What to do
I need the lines below from the one with "Polsterbetten designer polsterbetten" down to the one with "Exin EX0-002 Exams" reproduced exactly, both ends included, and nothing else.

Exercise input
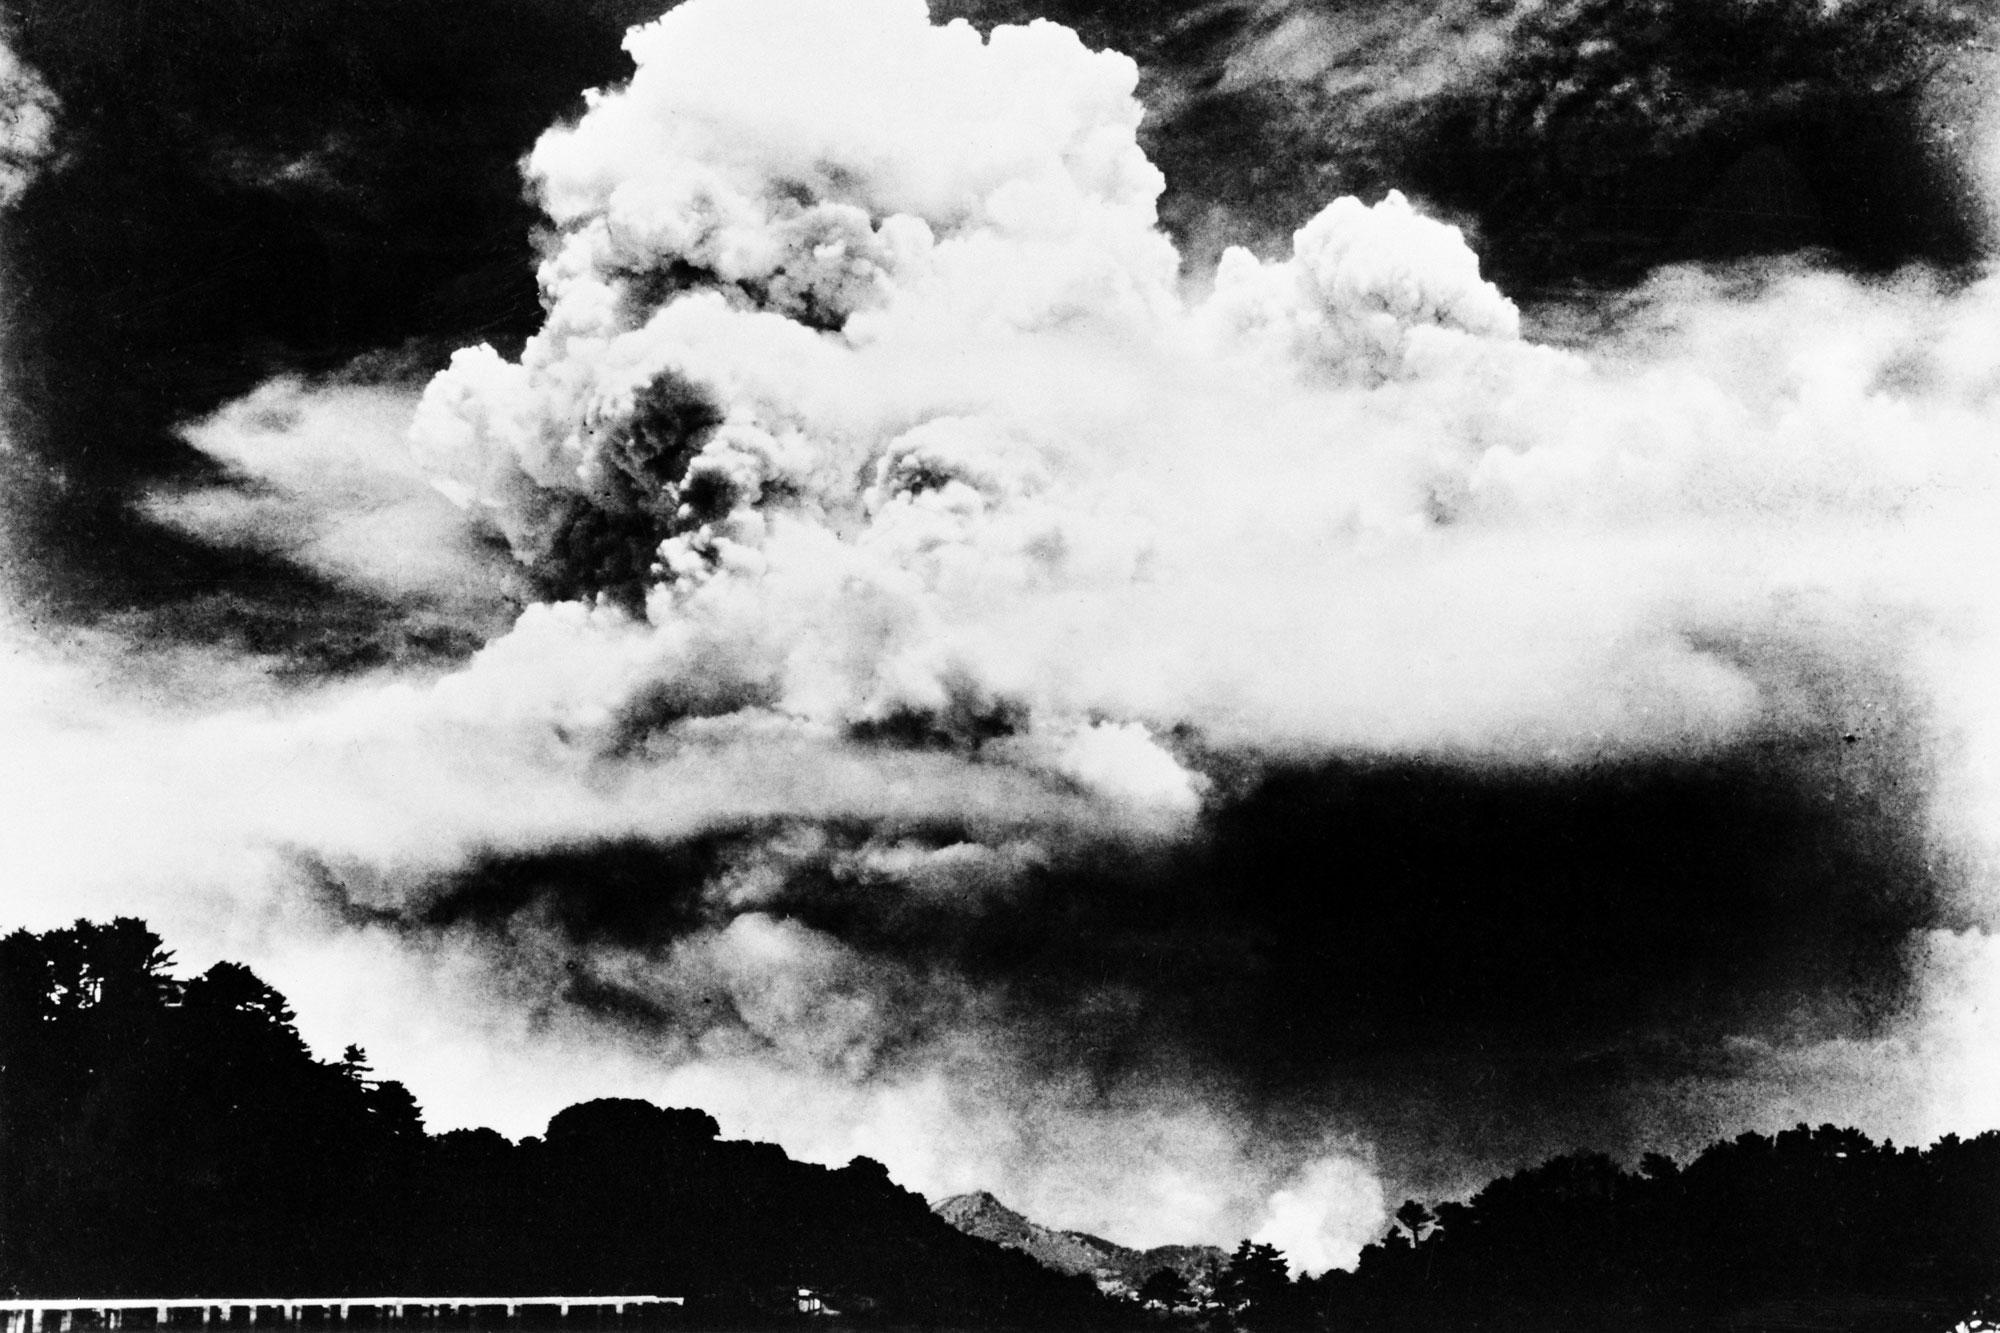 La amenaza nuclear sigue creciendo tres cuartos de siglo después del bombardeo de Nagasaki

* * *

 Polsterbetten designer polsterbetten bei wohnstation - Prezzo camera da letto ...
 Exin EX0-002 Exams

Solution to the exercise
 Polsterbetten designer polsterbetten bei wohnstation - Prezzo camera da letto ...
 Exin EX0-002 Exams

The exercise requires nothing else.